6. EQUIPMENT ORDERING. Lessee shall be responsible for all packing, rigging, transportation and installation charges for the Equipment and Lessor may separately invoice Lessee for such charges. Lessee has selected the Equipment itself and shall arrange for delivery of Equipment so that it can be accepted in accordance with Section 7 hereof'. Lessee hereby agrees to indemnify and hold Lessor harmless from any claims, liabilities, costs and expenses, . including reasonable attorneys' fees, incurred by Lessor arising out of any purchase orders or assignments executed by Lessor with respect to any Equipment or services relating thereto.
7. LESSEE ACCEPTANCE. Lessee shall return to Lessor the signed and dated Acceptance Notice attached to each Schedule hereto (a) acknowledging the Equipment has been received, installed and is ready for use and (b) accepting it as satisfactory in all respects for the purposes of this Lease. Lessor is authorized to fill in the Rent Start Date on each Schedule in accordance with the foregoing.
8. LOCATION; INSPECTION; LABELS. Equipment shall be delivered to and shall not be removed from the Equipment "Location" shown on each Schedule without Lessor's prior written consent, which "Location" shall in all events be within the United States. Lessor shall have the right to inspect Equipment at any reasonable time. Lessee shall be responsible for all labor, material and freight charges incurred in connection with any removal or relocation of such Equipment which is requested by the Lessee and consented to by Lessor, as well as for any charges due to the installation or moving of the Equipment. The rental payments shall continue during any period in which the Equipment is in transit during a relocation. Lessor or its agent shall mark and label Equipment, which labels shall state Equipment is owned by Lessor, and Lessee shall keep such labels on the Equipment as labeled by Lessor or its agent.
9. EQUIPMENT MAINTENANCE. (a) General. Lessee will locate or base each item of Equipment where designated in an Acceptance Notice and will reasonably permit Lessor to inspect such item of Equipment and its maintenance records. Lessee will at its sole expense comply with all applicable laws, rules, regulations, requirements and orders with respect to the use, maintenance, repair, condition, storage and operation of each item of Equipment. Except as required herein, Lessee will not make any addition or improvement to any item of Equipment that is not readily removable without causing material damage to any item or impairing its original value or
utility. Any addition or improvement that is so required or cannot be so removed will immediately become the property of Lessor.

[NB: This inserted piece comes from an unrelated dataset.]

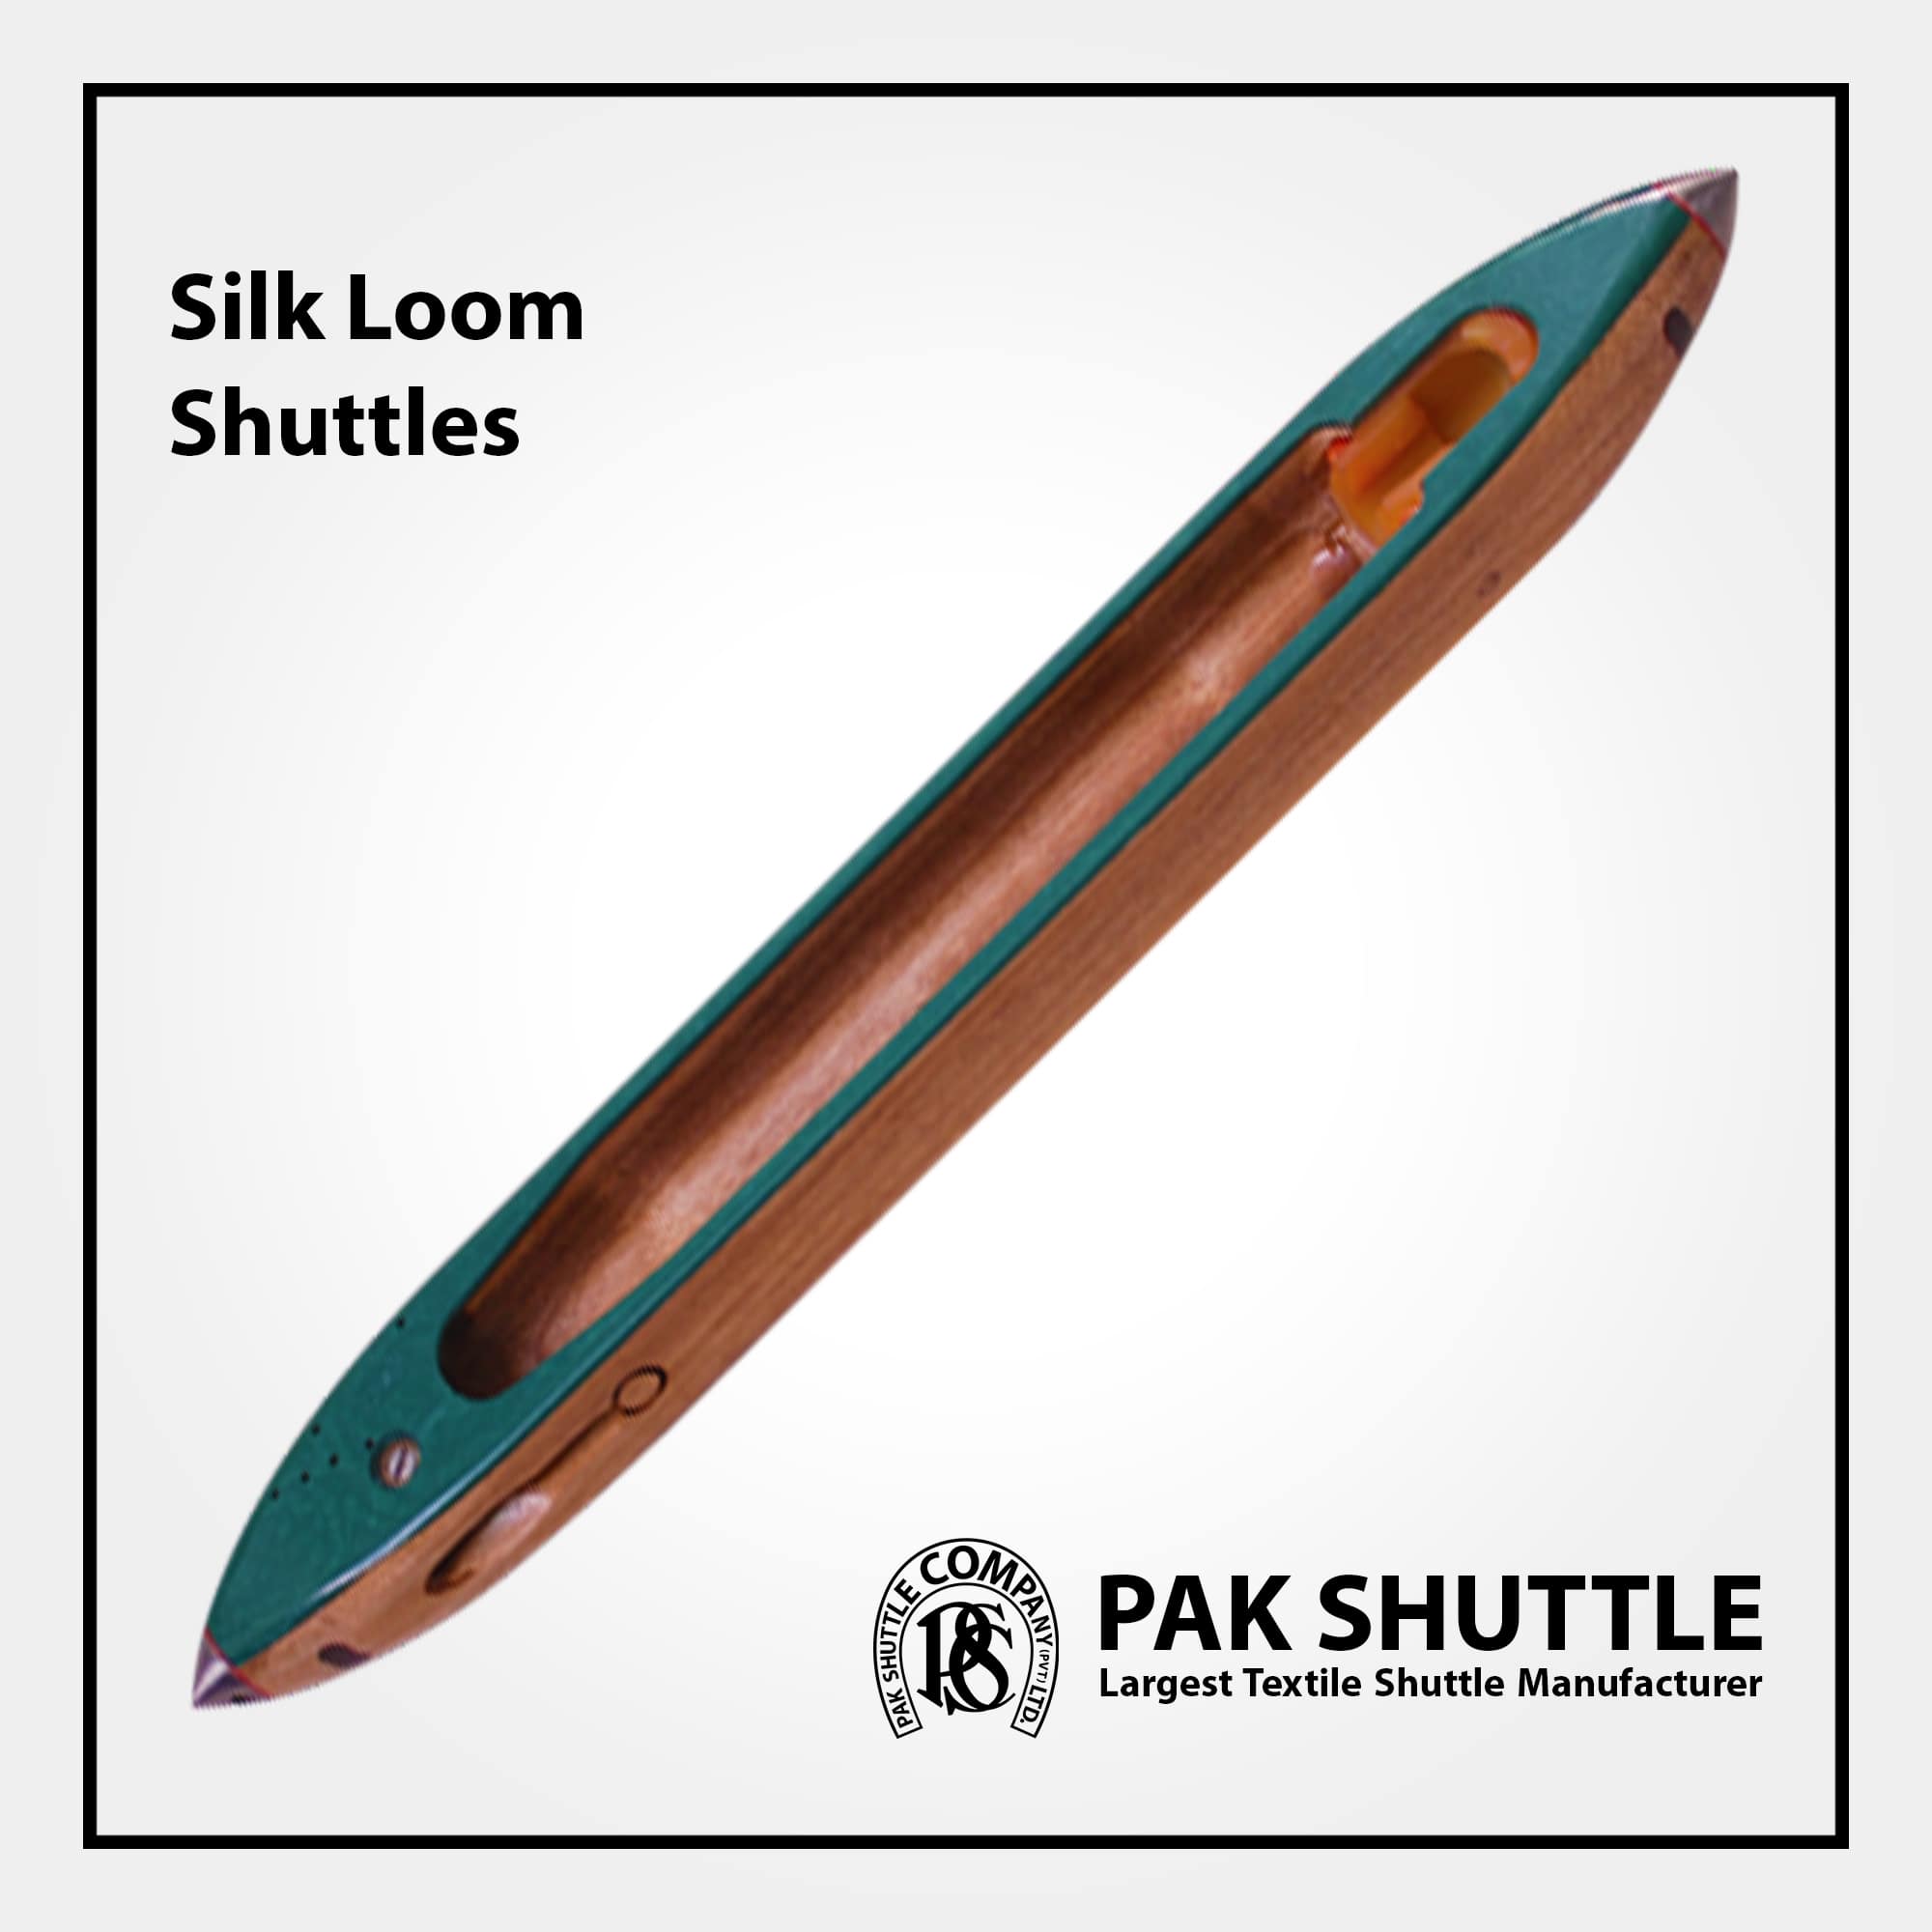 Silk Loom Shuttle by Pak Shuttle Company Pvt Ltd.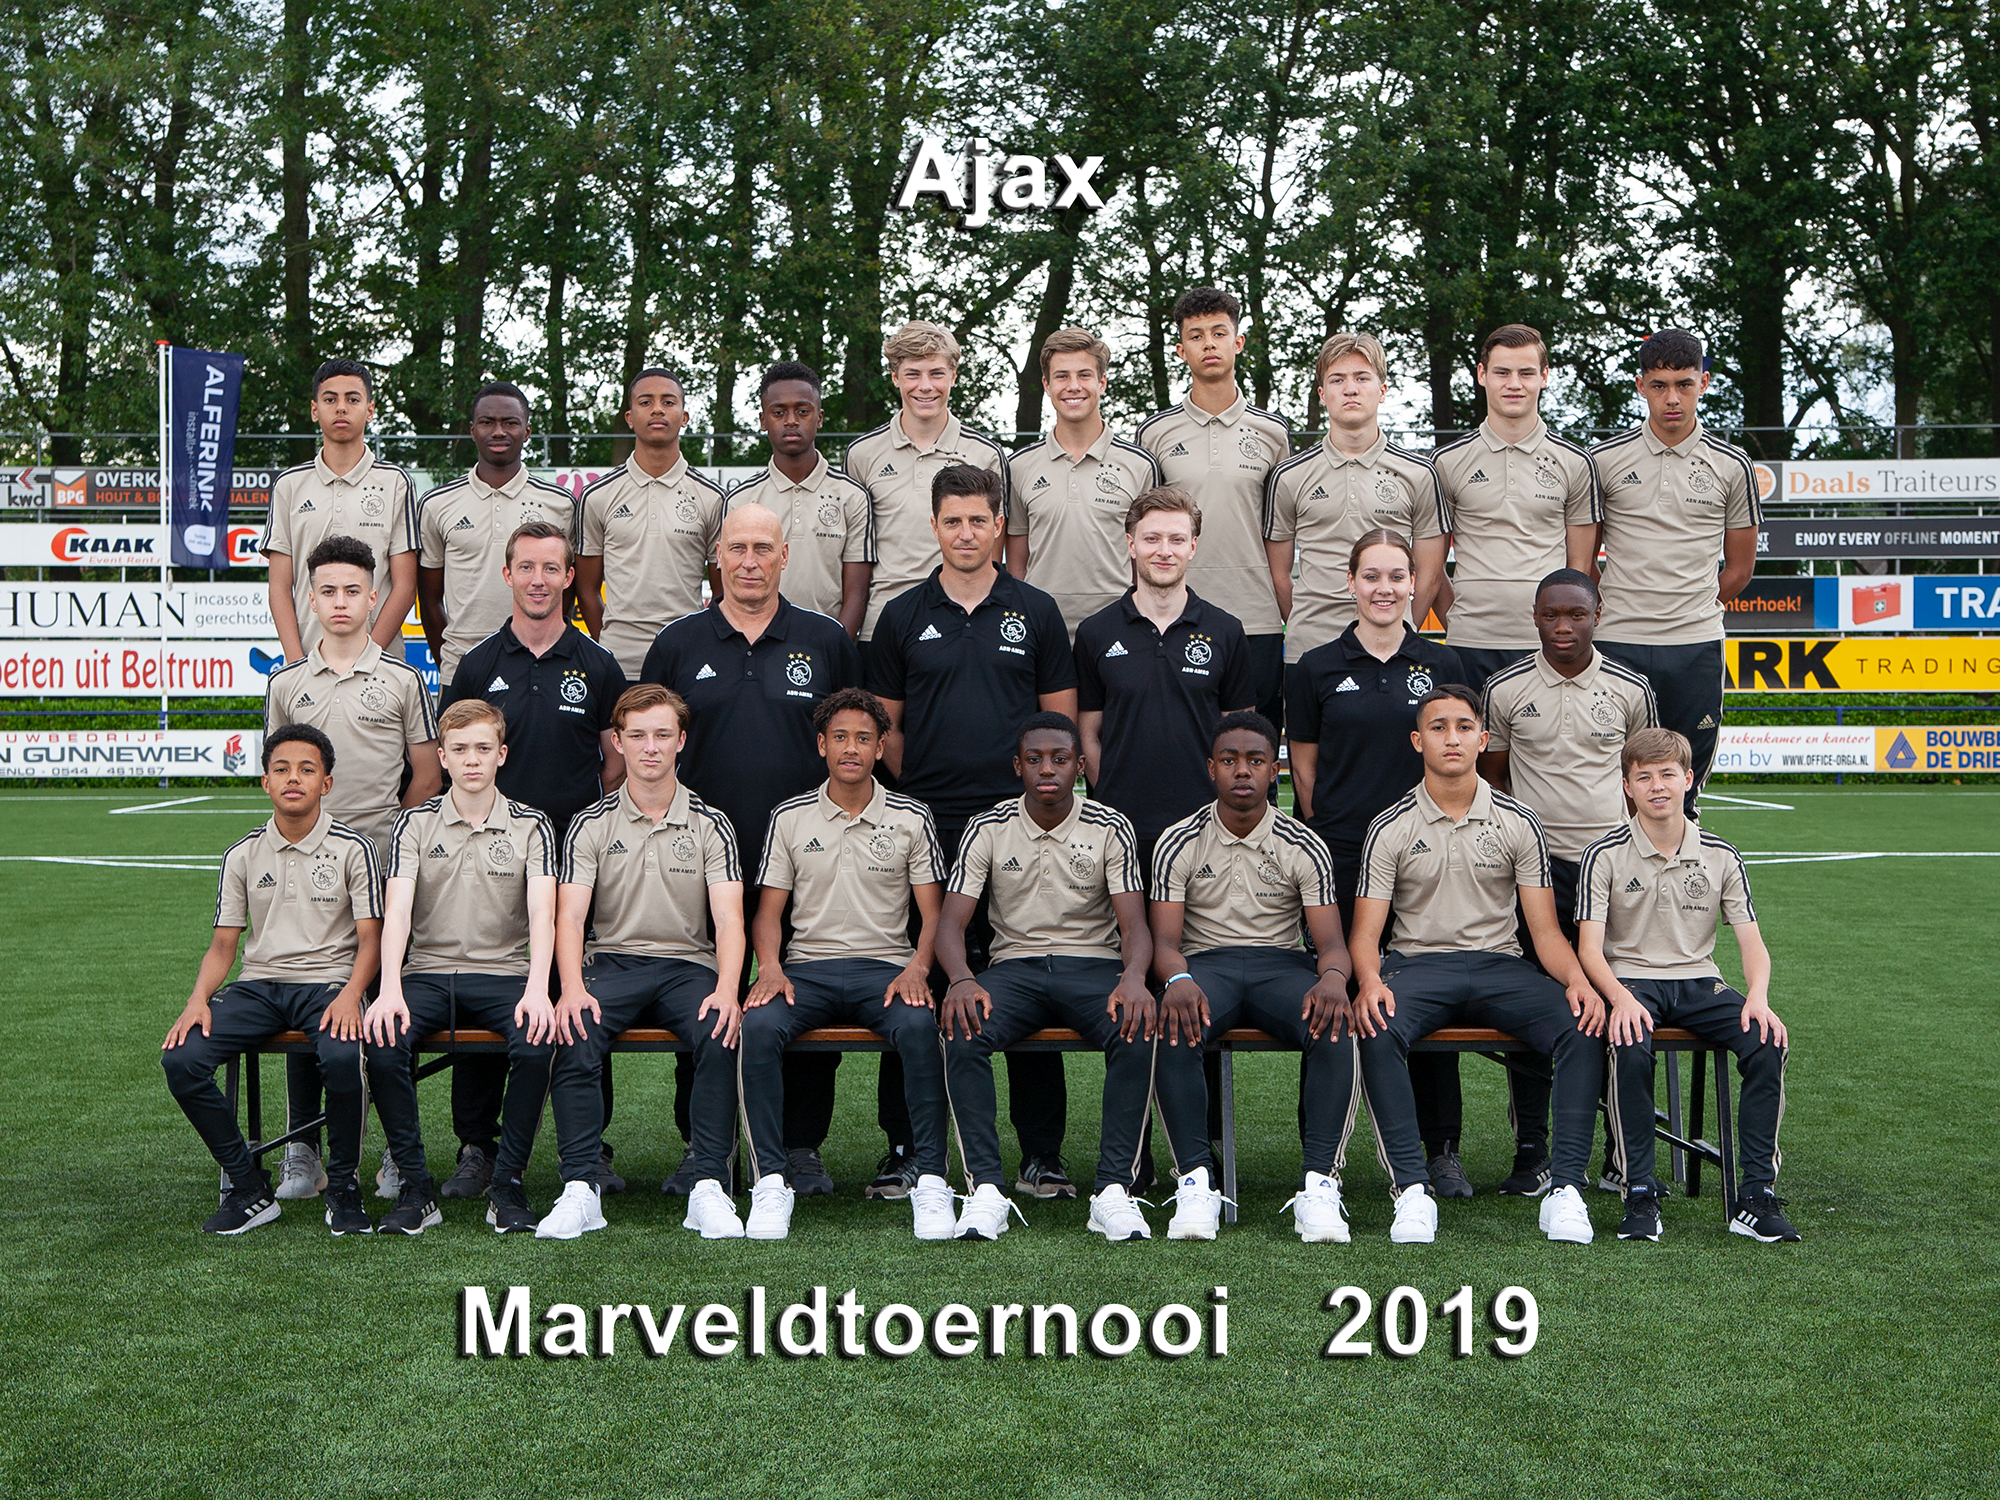 Marveld Tournament 2019 - Team Ajax

(b) Service and Repair. With respect to computer equipment, other than personal computers, Lessee has entered into, and will maintain in effect, Vendor's standard maintenance contract or another contract satisfactory to Lessor for a period equal to the term of each Schedule and extensions thereto which provides for the maintenance of the Equipment and repairs and replacement parts thereof in good condition and working order, all in accordance with the terms of such maintenance contract. Lessee shall have the Equipment certified for the Vendor's standard maintenance agreement prior to delivery to Lessor upon expiration of this Lease. With respect to any other Equipment, Lessee will, at its sole expense, maintain and service, and repair any damage to, each item of Equipment in a manner consistent with prudent industry practice and Lessee's own practice so that such item of Equipment is at all times (i) in the same condition as when delivered to Lessee, except for ordinary wear and tear, (ii) in good operating order for the function intended by its manufacturer's warranties and recommendations.
10. LOSS OR DAMAGE. Lessee assumes the entire risk of loss to the Equipm ...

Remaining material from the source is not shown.